Category: SQL

# SQL Problem Solved: Merge History Tables

Yesterday I published a SQL problem (that I I had solved – or at least, thought I had solved!) and invited readers to submit their own solutions.

SPOILER ALERT: if you haven’t had a chance to have a go yourself, go back, don’t read the comments (yet), but see if you can solve it yourself.
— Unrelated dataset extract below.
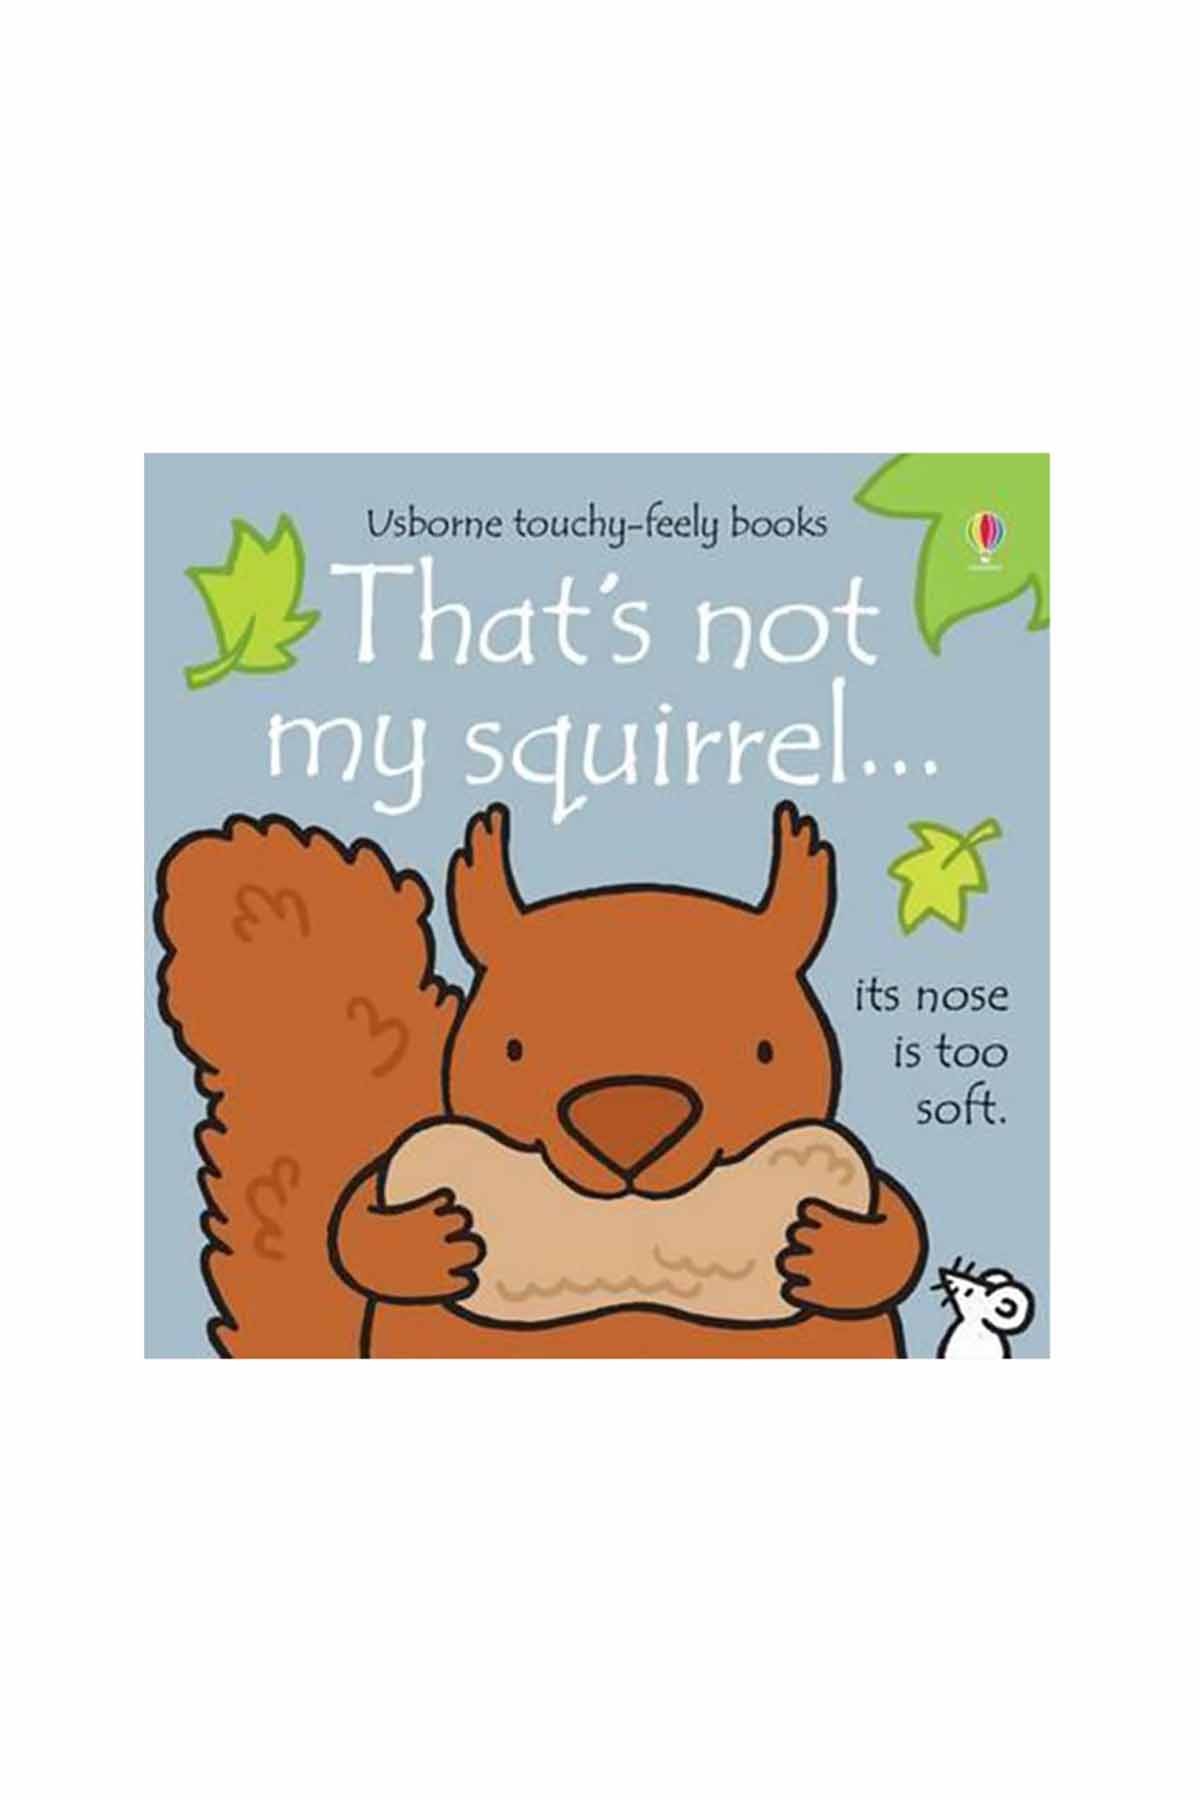 The Usborne That's Not My Squirrel

I was very pleased to see two excellent submissions that were both correct as far as I could tell, and are (in my opinion) sufficiently simple, elegant and efficient. Note that this was not a competition and I will not be ranking or rating or anything like that. If you need to solve a similar problem, I would suggest you try all of these solutions out and pick the one that seems to work the best for you.

Solution #1

Stew Ashton supplied the first solution which was very simple and elegant:

```with dates as (
select distinct deptid, dte from (
select deptid, from_date, to_date+1 to_date from t1
union all
select deptid, from_date, to_date+1 to_date from t2
)
unpivot(dte for col in(from_date, to_date))
)
select * from (
select distinct a.deptid, dte from_date,
lead(dte) over(partition by a.deptid order by dte) - 1 to_date,
data1, data2 from dates a
left join t1 b on a.deptid = b.deptid and a.dte between b.from_date and b.to_date
left join t2 c on a.deptid = c.deptid and a.dte between c.from_date and c.to_date
)
where data1 is not null or data2 is not null
order by 1,2;
```

SQL Fiddle

Stew’s solution does a quick pass over the two tables and generates a “date dimension” table in memory; it then does left joins to each table to generate each row. It may have a disadvantage due to the requirement to make two passes over the tables, which might be mitigated by suitable indexing. As pointed out by Matthias Rogel, this solution can be easily generalised to more than two tables, which is a plus.

Solution #2

The second solution was provided by Kim Berg Hansen which was a bit longer but in my opinion, still simple and elegant:

```with v1 as (
select t.deptid
, case r.l
when 1 then t.from_date
when 2 then date '0001-01-01'
when 3 then t.max_to + 1
end from_date
, case r.l
when 1 then t.to_date
when 2 then t.min_from -1
when 3 then date '9999-01-01'
end to_date
, case r.l
when 1 then t.data1
end data1
from (
select deptid
, from_date
, to_date
, data1
, row_number() over (partition by deptid order by from_date) rn
, min(from_date) over (partition by deptid) min_from
, max(to_date) over (partition by deptid) max_to
from t1
) t, lateral(
select level l
from dual
connect by level <= case t.rn when 1 then 3 else 1 end
) r
), v2 as (
select t.deptid
, case r.l
when 1 then t.from_date
when 2 then date '0001-01-01'
when 3 then t.max_to + 1
end from_date
, case r.l
when 1 then t.to_date
when 2 then t.min_from -1
when 3 then date '9999-01-01'
end to_date
, case r.l
when 1 then t.data2
end data2
from (
select deptid
, from_date
, to_date
, data2
, row_number() over (partition by deptid order by from_date) rn
, min(from_date) over (partition by deptid) min_from
, max(to_date) over (partition by deptid) max_to
from t2
) t, lateral(
select level l
from dual
connect by level <= case t.rn when 1 then 3 else 1 end
) r
)
select v1.deptid
, greatest(v1.from_date, v2.from_date) from_date
, least(v1.to_date, v2.to_date) to_date
, v1.data1
, v2.data2
from v1
join v2
on v2.deptid = v1.deptid
and v2.to_date >= v1.from_date
and v2.from_date <= v1.to_date
where v2.data2 is not null or v1.data1 is not null
order by v1.deptid
, greatest(v1.from_date, v2.from_date)
```

Since it takes advantage of 12c’s new LATERAL feature, I wasn’t able to test it on my system, but I was able to test it on Oracle’s new Live SQL and it passed with flying colours. I backported it to 11g and it worked just fine on my system as well. An advantage of Kim’s solution is that it should only make one pass over each of the two tables.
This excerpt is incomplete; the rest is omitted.